DarkShield and CellShield are not the only IRI products that benefit from syncing SharePoint files locally. This also allows access for the SortCL engine and 4GL behind IRI CoSort, RowGen, NextForm, and FieldShield — and Voracity operations (e.g., ETL) that include or combine them to process data in any structured format in SharePoint. XLS and XLSX file formats are also supported by SortCL and thus the most recent versions of these products.
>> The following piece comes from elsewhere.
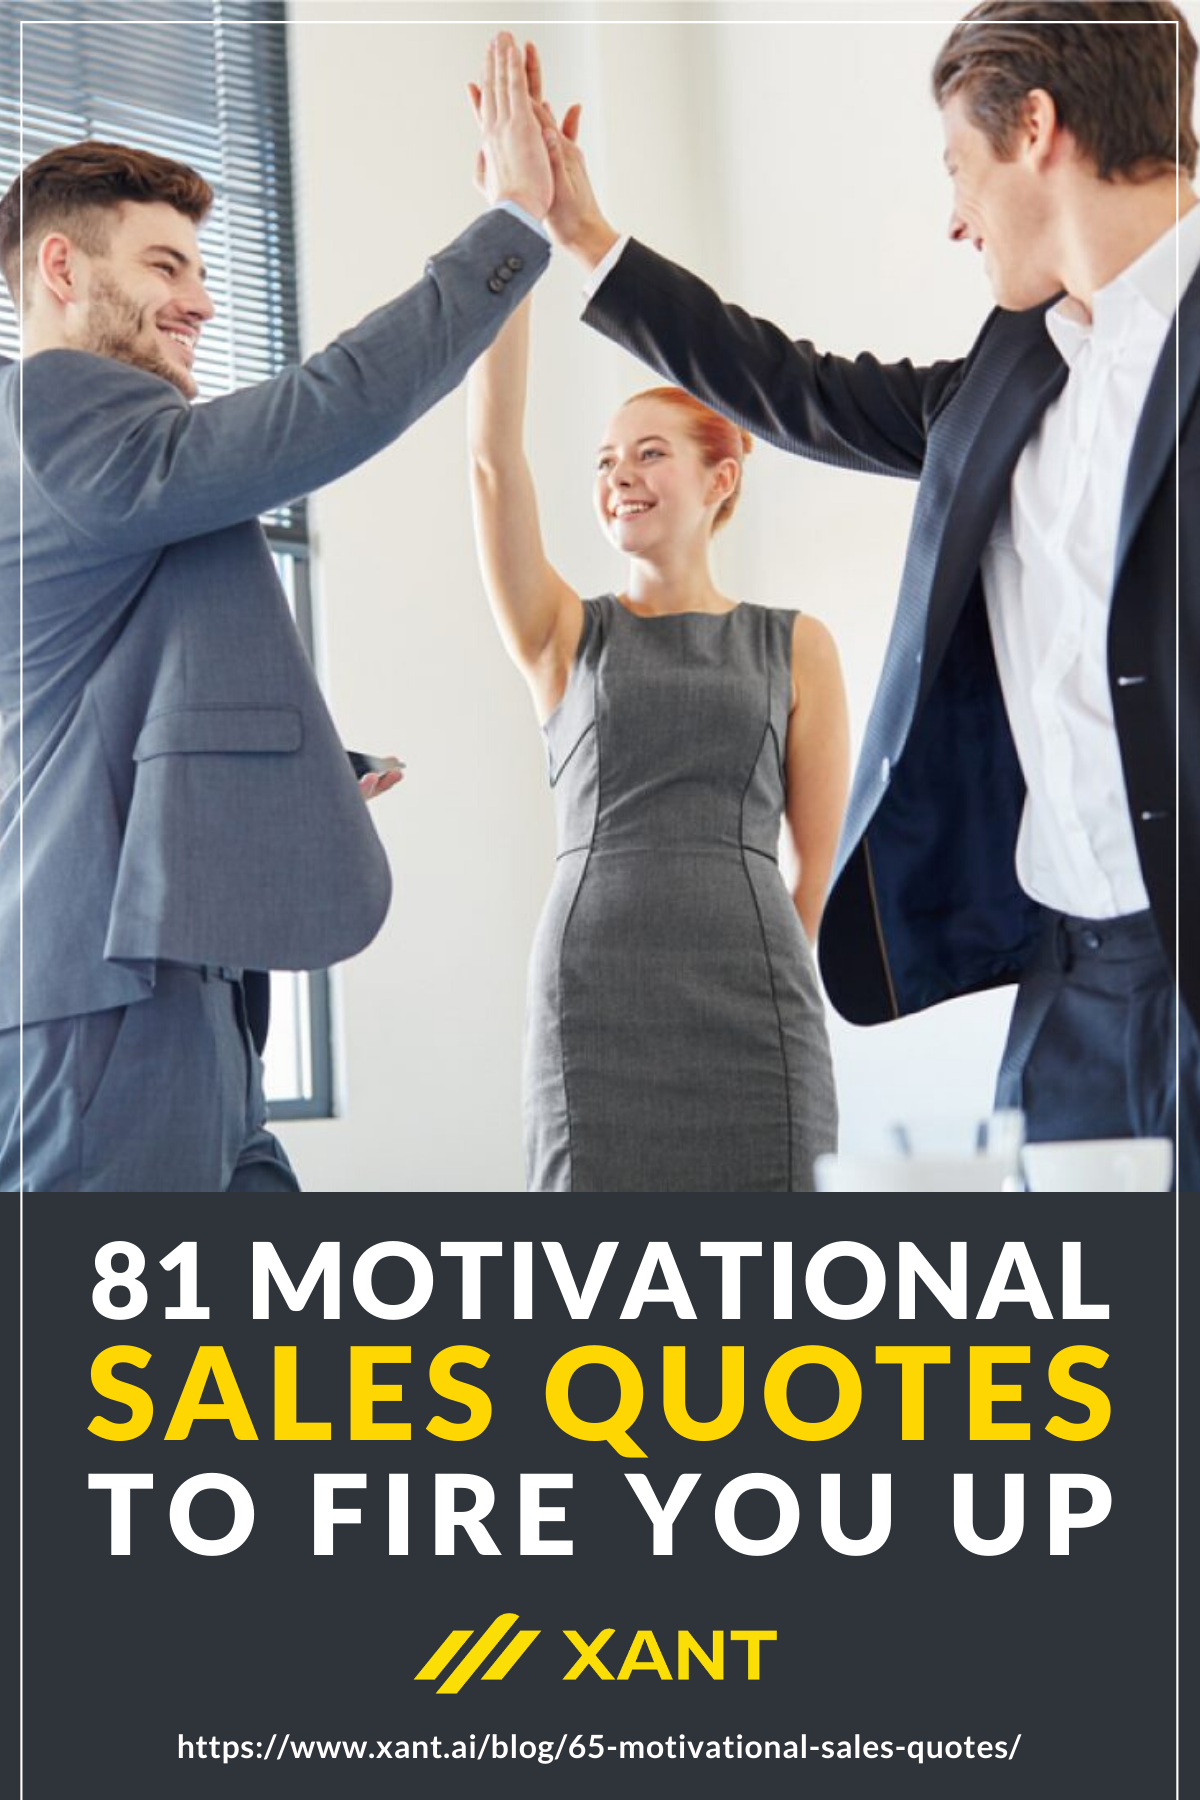 81 Motivational Sales Quotes To Fire You Up [INFOGRAPHIC] | https://www.insidesales.com/blog/65-motivational-sales-quotes/

With this synced setup to SharePoint, many useful scenarios are possible that may not be as easy if the setup was not synced and files had to be manually downloaded and uploaded. For example, batch files can be scheduled to run at certain times to automatically update XLSX files with new live data, which will get directly synced into SharePoint to be shared with other users.
Setting up SharePoint site files to a file system directory via OneDrive is a simple yet robust way to access SharePoint site files with IRI software, and will work along with other sources as part of heterogeneous IRI data integration, cleansing, masking, reporting, and wrangling operations.
Contact support@iri.com if you need help processing files in SharePoint using this access method.
- The only delays are with network speed. For example, maybe a folder of large files has been uploaded. This may take a few seconds to a few minutes to sync, depending on network speed and file sizes. If there is a new file or folder of files uploaded to the SharePoint site that hasn’t been synced locally yet, OneDrive will be called on to sync the files when the SortCL-compatible job runs. The job will pause until the file has been synced to the local OneDrive folder. Once the job completes, if any files produced were output within the OneDrive folder, they get synced immediately with the SharePoint site, again with the only limitation being the upload speed of the network. Note that limitations can also be intentionally placed on OneDrive upload and download speeds so as not to overload network bandwidth.